This is – at last! – a favourable time in France for start-ups and entrepreneurs.
Incubators are multiplying, France seems to have a high position (and is certainly better than perceived…) in the world rankings.
At the same time, all companies are involved in one or even many “digitisation” projects. There is an ever-increasing number of smartphone and tablet applications. “Cross-channel” issues are increasingly being taken into account by traders to manage “customer experience” and increase their revenues. Uberisation is sought for each sector of activity. The concept of “disruption” is the new martingale.
No group wants to end up like Kodak.
New posts are being created, such as Chief Digital Officer (CDO).
Start-ups, often with limited resources, seek safeguards for launching their activity, their first contracts, their next fundraising, etc. by means of contracts that are generally in the form of general terms, so as to avoid any negotiation which would sometimes be difficult form them to conduct, especially against large groups.
These same large groups are all the keener to secure their investments as they are taking a significant risk by using smaller firms, which may indeed be very dynamic and innovative, but have an uncertain future in terms of client development and funding and, ultimately, the sustainability of their technologies.

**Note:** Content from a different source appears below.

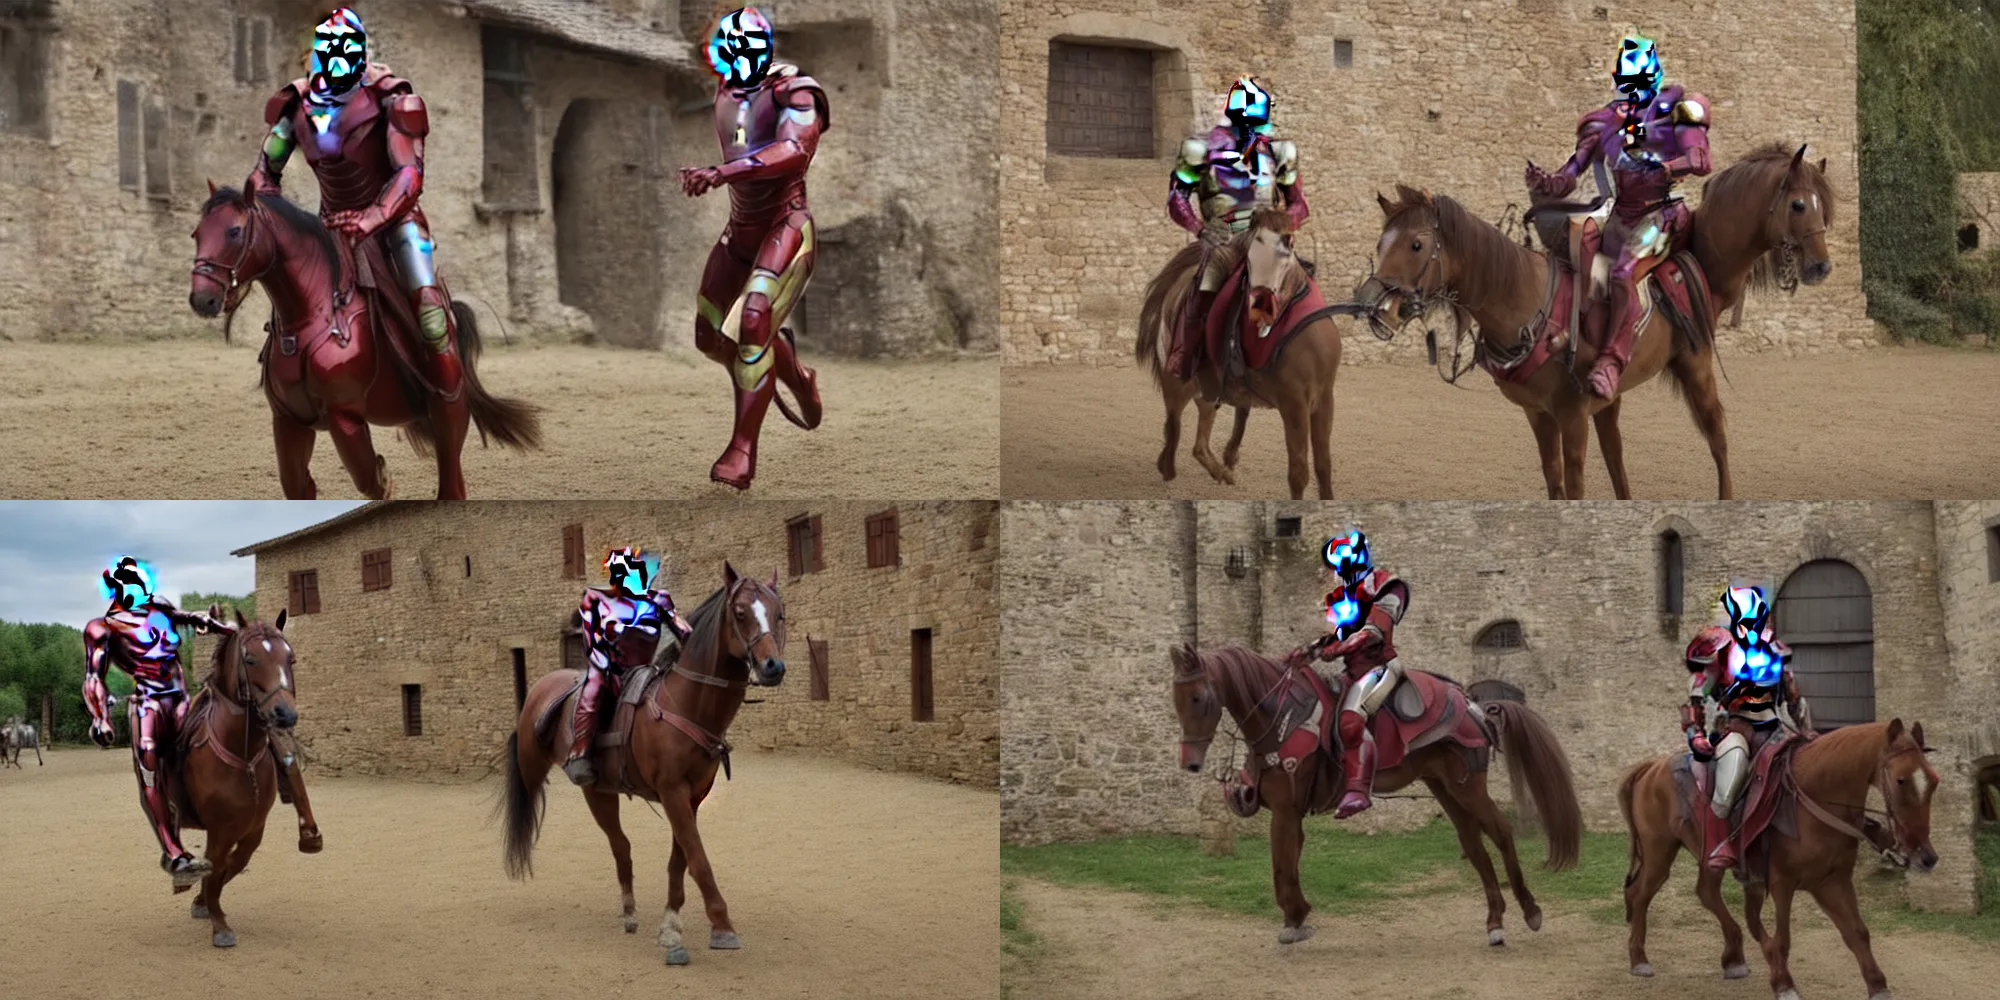 Prompt: Iron Man riding a horse through a medieval village

They sometimes want to impose standard form contracts, with their myriad of schedules and commitments, on start-ups. Some of these start-ups are very quick to sign them without even understanding the true legal scope of what they provide because they lack the means to negotiate them and are in a hurry to obtain their initial financing and commercial references. Others, on the other hand, are determined not to accept any contractual clause that would hinder their ability to raise funds.
In this context, sometimes the language of these two separate worlds is different: a series of obligations de resultat [French obligation of result] for the large groups basing one of their strategic activities on the application of a start-up, that itself can only undertake obligation de moyens [French obligation of reasonable effort] without having any SLA to show…

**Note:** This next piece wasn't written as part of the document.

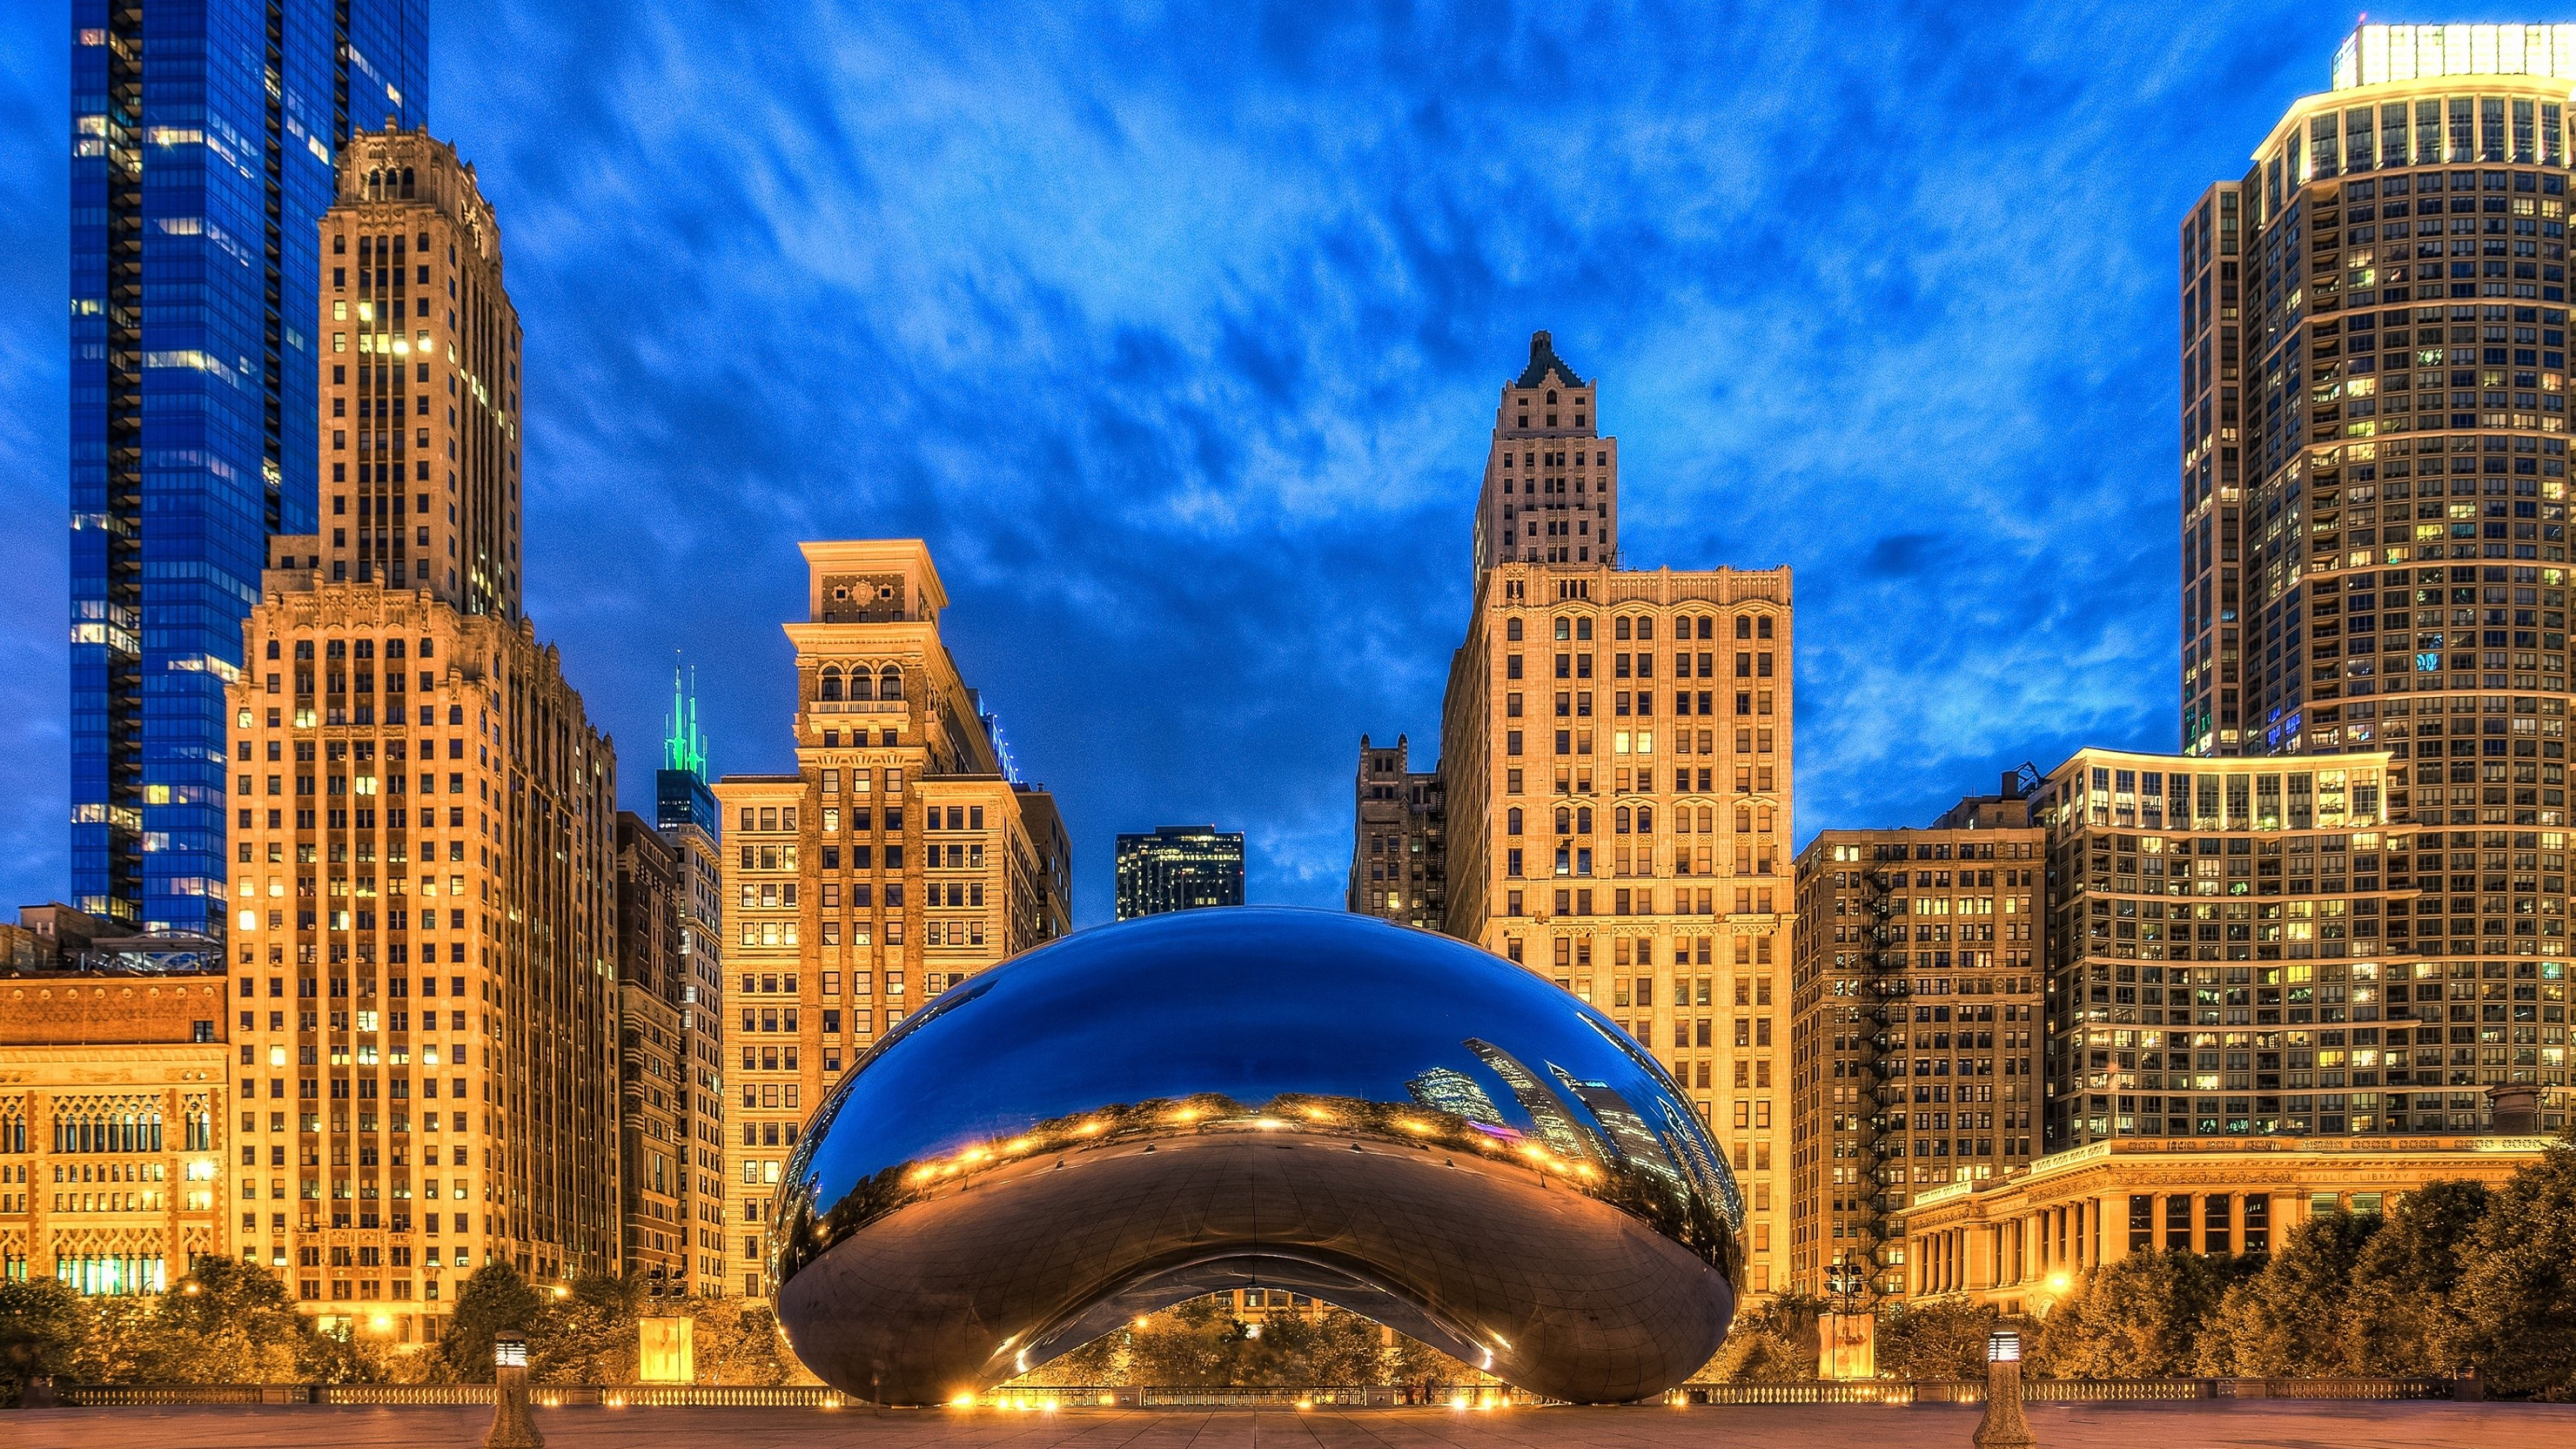 4K Ultra HD Chicago wallpapers, City life, Urban architecture, Stunning views, 3840x2160 4K Desktop

With our experience with both start-ups and large groups (EY, PwC), our (non-exhaustive) approach to such problems is pragmatic.
In addition, our 19 years of experience in Information Technology enable us to advise on projects and services, both simple and complex:
- technology marketing/acquisition;
- development of websites and smartphone / tablet applications;
- maintenance of websites and smartphone / tablet applications;
- licenses and transfers of intellectual property rights;
- hosting of commercial and non-commercial websites;
Our services notably include:
- the preparation and drafting of general terms;
- drafting and negotiating contracts;
- monitoring the progress of development contracts (acceptance reports, preparation / monitoring of committees, drafting amendments, formal demands, etc.);
- assistance in pre-litigation (redefining / divesting from projects) and litigation (judicial expert appraisals, litigation before the courts).